Asphalt
- Author: Carl Hancock Rux
- Publisher: Atria
- Publication date: May 18, 2004
- ISBN: 978-0-743-47400-9

= Asphalt (novel) =

2004 novel by Carl Hancock Rux

Asphalt is a dystopian novel of speculative fiction by American writer Carl Hancock Rux and published by Atria/Simon & Schuster in 2004. The novel was completed while Rux was briefly in residence at the famed Chelsea Hotel in New York City.

==Plot==
Racine, an expatriate DJ, returns from an ill-fated stay in Paris to a war-torn New York City and finds himself lodged in a deteriorating civil war era brownstone mansion in a Brooklyn neighborhood devastated by poverty and despair. Here he meets Manny, a crossdressing free spirit with a penchant for women and architectural history; Mawepi the stout bouncer and translator for the clairvoyant yet reclusive Holy Mother Lucinda; and Couchette, an emotionally scarred erotic dancer mired in denial regarding her famous jazz musician father's suicide. Immediately Racine finds himself creating the sonic backdrop for intense parties, orgies, and conversations while Manny and the other residents chase their dreams in a transitional New York. Couchette is the troubled spirit with whom Racine shares physically intimate and emotionally frustrating moments. The story weaves depictions of Racine's childhood, including his mother's death by fire when he was an infant; his experiences living with his brother, Frederick, in the custody of an uncle who is a disturbed religious zealot; Frederick's mysterious accidental death; Racine's eventual abandonment and years in foster care under the guardianship of a caring alcoholic; and the truth of his recent trip to France to visit a former schoolmate, Benoit, and his girlfriend.

==Themes==
Rux infuses his tale with Greek mythology, mirroring Racine's tragic life experiences with that of Euripides' Hippolytus who is physically dismembered by a monstrous force on his journey to redemption. The characters in Asphalt all employ different strategies for abandoning experiences that have consumed and distorted their views of reality and their conflict with memory. The novel poses rhetorically embedded questions about abandoned buildings and the psychological aftereffects of war-torn cities regarding how cultures and individuals handle suffering, loss, and unresolved tragedy.

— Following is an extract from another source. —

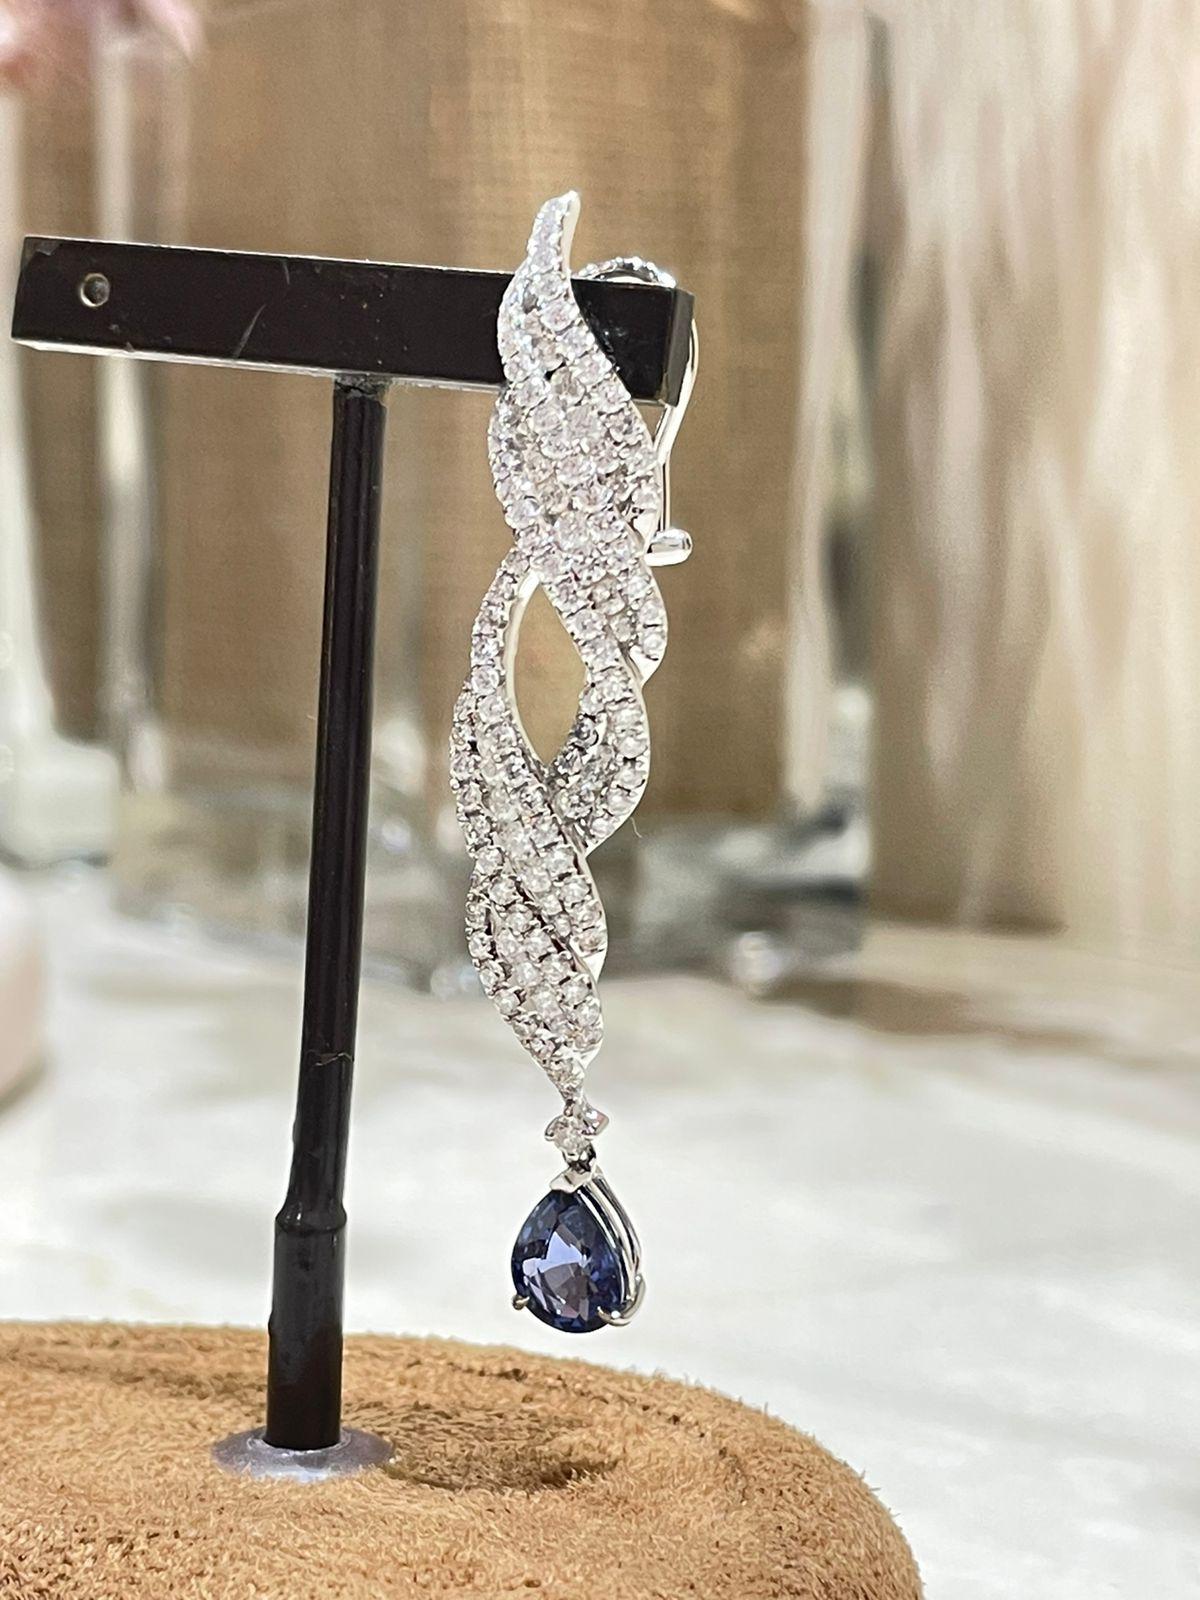 These dangling earrings exude sophistication and elegance with a perfect balance of simplicity and opulence. A striking blue sapphire takes the stage adorned with exquisitely round-cut diamonds. The design ensures a reflection of light and glamour

===Principal characters===
- Racine—the protagonist DJ returned from life abroad in France to a war-torn New York City
- Couchette —erotic dancer whose mother has absconded to Bali and whose jazz musician father killed himself in the very brownstone in which she now lives
- Manny—heterosexual transvestite drug dealer, a former student of architectural history; anti-imperialist radical and pyromaniac
- Benoit—Racine's childhood friend, a French American aspiring Post-Impressionist and neo-Symbolist filmmaker now living in La Croix-Rousse, a historical neighborhood in Lyon, France.
- Nathalie—Benoit's girlfriend
- Lucinda—Elderly Spanish-speaking spiritualist, known by her sobriquet "Holy Mother Santa"; the landlord of a squatter's den
- Mawepi—Lucinda's guardian and translator

===Secondary characters===
- Frederick—Racine's older brother who died mysteriously when they were children.
- Eddie—Racine's great uncle, a World War Two veteran turned disturbed religious zealot.
- Emma—Eddie's twin sister, Racine's maternal grandmother.
- Geneva—Racine's mentally ill mother who died in a fire when he and his brother were children.